Records from a dataset

━━━━━━━━━━━━━━━━━━━━

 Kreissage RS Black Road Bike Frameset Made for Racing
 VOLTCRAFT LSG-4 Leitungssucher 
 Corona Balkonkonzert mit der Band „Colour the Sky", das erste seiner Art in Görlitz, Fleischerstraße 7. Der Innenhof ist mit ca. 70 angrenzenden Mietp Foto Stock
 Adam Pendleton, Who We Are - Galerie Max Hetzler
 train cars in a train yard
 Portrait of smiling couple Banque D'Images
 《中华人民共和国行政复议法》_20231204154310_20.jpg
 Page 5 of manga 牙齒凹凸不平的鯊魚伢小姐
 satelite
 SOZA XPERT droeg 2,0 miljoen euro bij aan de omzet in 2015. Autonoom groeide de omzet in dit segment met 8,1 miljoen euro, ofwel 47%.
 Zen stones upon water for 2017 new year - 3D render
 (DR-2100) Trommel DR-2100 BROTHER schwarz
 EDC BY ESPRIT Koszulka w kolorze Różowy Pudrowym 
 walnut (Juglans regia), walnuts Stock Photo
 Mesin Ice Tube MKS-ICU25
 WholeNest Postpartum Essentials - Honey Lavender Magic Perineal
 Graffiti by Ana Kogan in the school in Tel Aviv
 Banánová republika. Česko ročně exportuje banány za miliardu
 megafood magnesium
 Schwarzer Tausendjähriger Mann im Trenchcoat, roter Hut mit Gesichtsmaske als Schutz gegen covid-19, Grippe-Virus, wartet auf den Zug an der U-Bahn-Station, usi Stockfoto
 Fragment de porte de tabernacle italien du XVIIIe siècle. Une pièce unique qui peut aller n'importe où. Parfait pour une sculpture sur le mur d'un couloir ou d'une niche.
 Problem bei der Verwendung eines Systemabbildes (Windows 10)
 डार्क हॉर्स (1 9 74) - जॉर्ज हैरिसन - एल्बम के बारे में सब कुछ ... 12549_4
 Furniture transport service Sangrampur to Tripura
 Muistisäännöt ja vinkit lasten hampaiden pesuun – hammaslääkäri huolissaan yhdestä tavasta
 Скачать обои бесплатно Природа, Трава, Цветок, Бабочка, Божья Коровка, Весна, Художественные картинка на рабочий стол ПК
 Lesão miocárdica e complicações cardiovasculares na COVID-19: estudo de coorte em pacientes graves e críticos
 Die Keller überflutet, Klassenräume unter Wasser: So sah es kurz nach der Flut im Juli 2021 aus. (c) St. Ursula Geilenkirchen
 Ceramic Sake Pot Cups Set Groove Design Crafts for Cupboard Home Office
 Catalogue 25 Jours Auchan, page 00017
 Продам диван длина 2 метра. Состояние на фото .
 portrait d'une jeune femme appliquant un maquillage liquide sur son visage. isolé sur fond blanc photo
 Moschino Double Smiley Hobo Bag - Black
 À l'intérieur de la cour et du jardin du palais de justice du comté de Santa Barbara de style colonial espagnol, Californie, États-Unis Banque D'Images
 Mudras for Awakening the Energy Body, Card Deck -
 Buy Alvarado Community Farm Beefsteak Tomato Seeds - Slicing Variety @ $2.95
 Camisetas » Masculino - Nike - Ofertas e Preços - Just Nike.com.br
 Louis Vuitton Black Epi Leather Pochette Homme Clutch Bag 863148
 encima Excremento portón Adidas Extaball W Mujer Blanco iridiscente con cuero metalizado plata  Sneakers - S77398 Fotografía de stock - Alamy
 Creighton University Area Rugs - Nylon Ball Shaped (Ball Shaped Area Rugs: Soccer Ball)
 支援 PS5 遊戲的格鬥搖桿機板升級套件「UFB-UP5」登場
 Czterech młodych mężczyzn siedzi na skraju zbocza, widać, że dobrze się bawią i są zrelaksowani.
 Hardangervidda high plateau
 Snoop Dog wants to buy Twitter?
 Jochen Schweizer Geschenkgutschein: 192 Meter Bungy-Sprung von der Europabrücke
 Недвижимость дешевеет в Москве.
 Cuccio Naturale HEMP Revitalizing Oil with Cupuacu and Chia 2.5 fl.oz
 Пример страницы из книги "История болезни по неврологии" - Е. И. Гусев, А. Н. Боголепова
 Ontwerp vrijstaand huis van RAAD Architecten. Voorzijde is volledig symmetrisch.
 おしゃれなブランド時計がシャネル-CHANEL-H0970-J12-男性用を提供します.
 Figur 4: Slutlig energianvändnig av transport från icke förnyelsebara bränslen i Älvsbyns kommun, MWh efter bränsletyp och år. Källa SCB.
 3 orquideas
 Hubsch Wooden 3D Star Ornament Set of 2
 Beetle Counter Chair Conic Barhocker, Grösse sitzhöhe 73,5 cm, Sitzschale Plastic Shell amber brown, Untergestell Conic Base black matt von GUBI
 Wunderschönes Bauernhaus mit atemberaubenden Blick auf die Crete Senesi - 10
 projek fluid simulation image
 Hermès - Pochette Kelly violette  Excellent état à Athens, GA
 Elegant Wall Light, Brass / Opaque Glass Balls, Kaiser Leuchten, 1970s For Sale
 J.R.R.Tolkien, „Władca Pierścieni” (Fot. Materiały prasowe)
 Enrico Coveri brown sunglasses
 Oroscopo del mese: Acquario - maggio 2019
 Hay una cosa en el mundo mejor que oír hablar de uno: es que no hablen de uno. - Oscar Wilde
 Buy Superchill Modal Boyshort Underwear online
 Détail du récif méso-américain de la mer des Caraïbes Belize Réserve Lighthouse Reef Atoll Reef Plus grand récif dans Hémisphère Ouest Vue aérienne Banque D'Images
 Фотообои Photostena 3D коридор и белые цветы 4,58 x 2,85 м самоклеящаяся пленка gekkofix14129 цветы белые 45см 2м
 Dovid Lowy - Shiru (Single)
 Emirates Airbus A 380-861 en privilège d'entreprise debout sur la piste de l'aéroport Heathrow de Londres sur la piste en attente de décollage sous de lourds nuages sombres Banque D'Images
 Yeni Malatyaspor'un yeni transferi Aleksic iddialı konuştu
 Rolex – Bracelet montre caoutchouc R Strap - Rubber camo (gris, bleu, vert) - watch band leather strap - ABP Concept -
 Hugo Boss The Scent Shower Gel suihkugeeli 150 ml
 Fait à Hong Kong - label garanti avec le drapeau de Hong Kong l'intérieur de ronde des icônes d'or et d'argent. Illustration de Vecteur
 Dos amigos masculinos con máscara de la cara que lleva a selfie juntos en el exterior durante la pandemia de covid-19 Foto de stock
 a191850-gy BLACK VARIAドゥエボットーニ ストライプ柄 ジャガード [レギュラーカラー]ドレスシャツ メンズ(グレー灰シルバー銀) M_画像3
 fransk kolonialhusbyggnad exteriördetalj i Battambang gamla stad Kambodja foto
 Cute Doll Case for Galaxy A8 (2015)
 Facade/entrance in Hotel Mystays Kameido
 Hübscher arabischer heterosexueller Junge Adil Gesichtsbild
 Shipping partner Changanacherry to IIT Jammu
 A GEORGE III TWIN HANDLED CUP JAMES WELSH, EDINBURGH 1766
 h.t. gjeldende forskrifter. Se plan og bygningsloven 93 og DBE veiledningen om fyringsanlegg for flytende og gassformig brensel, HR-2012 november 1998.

━━━━━━━━━━━━━━━━━━━━

- Task item:
Which lines in the records above contain the word "Pochette"? Copy each one.

- Output of the task:
 Louis Vuitton Black Epi Leather Pochette Homme Clutch Bag 863148
 Hermès - Pochette Kelly violette  Excellent état à Athens, GA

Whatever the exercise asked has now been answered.